You Received The Federal Framework
Bloomberg’s Dave Lee calls the framework ‘a blueprint for AI companies to carry on with business as usual.’
I think David Sacks might well agree with that, except he’d say it was a good thing.
As one would expect at this stage, Republicans continue to speak up in favor of the President’s proposed national AI framework while it has yet to be operationalized.
Ted Cruz is being a good politician here, praising the President and the process and the various good sounding principles, without committing to anything. He doesn’t even say anything that I disagree with.
I am dismayed of course at the explicit emphasis on this being an ‘AI race,’ and the complete dismissal of frontier AI risks involved in the rhetoric and also the proposed framework. And by complete dismissal, I mean you treat it like it doesn’t exist. Their plan is to not look at it, and hope it will go away.

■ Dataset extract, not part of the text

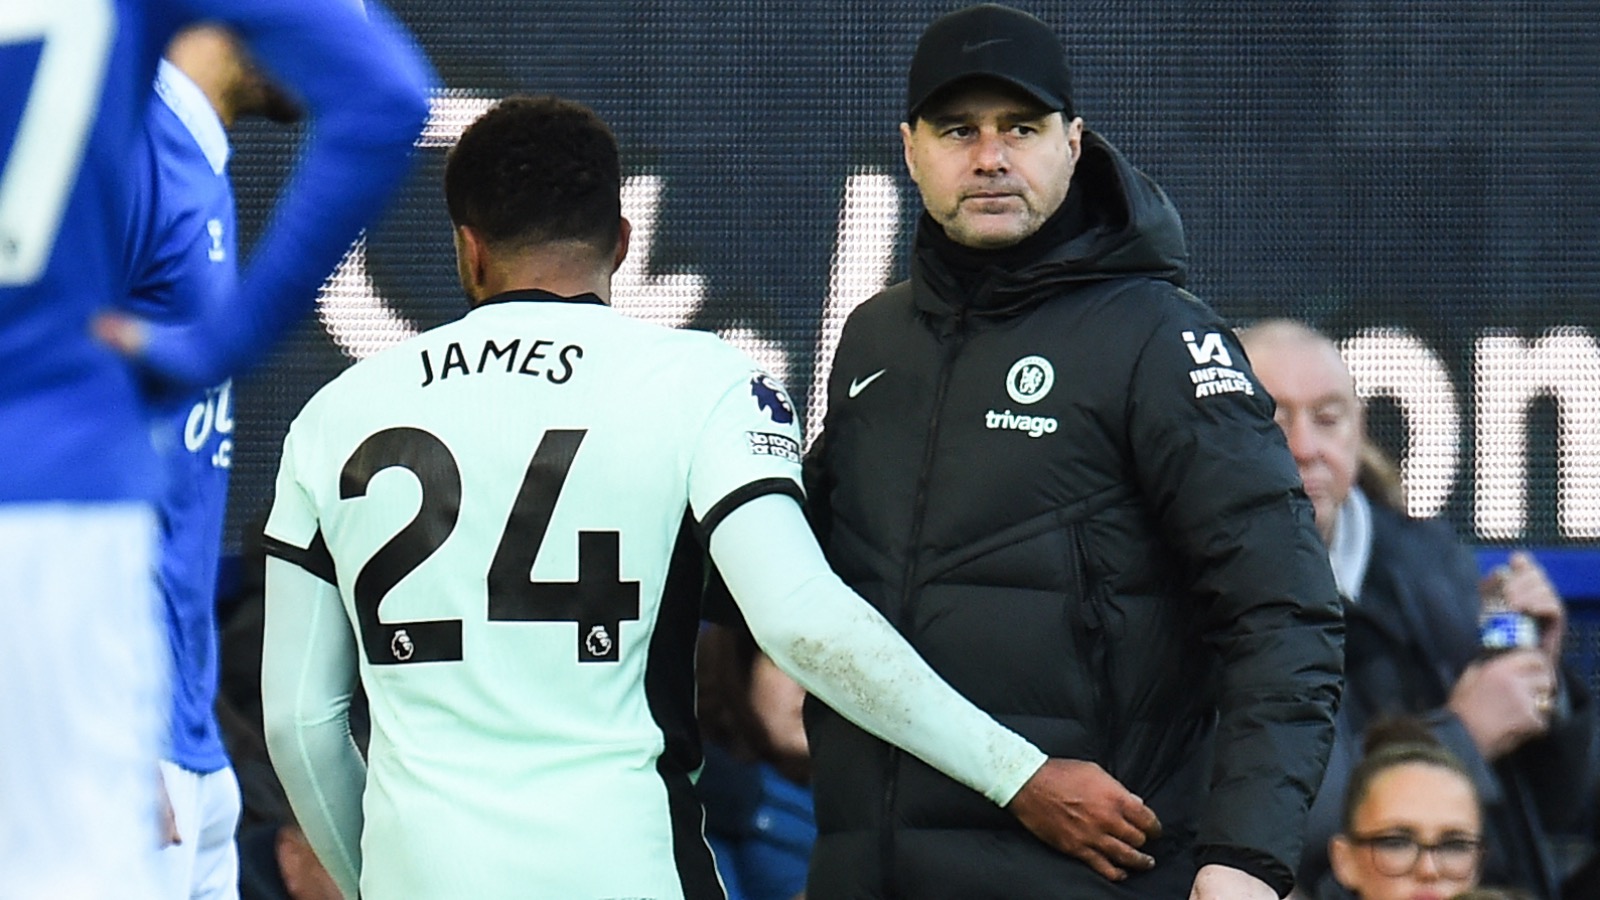 Chelsea Captain Reece James leaving match with hamstring injury

That this is not going to work.
Similarly:
This is considerably more hawkish, treating AI as if it is primarily a military technology, with a meaningless ‘democratize’ thrown in for good measure. There is a goose chasing the Senator, asking ‘how will it change the world?’ but I think the security guards are dealing with it.
Also similarly:
‘Resist the siren song of control’ is an interesting phrase today. Words like that hit different now that GSA is planning to strongarm all AI providers, and DoW is trying to call Anthropic a supply chain risk because Anthropic refuses to hand over ‘unfettered access’ and otherwise give up all control in exchange for nothing.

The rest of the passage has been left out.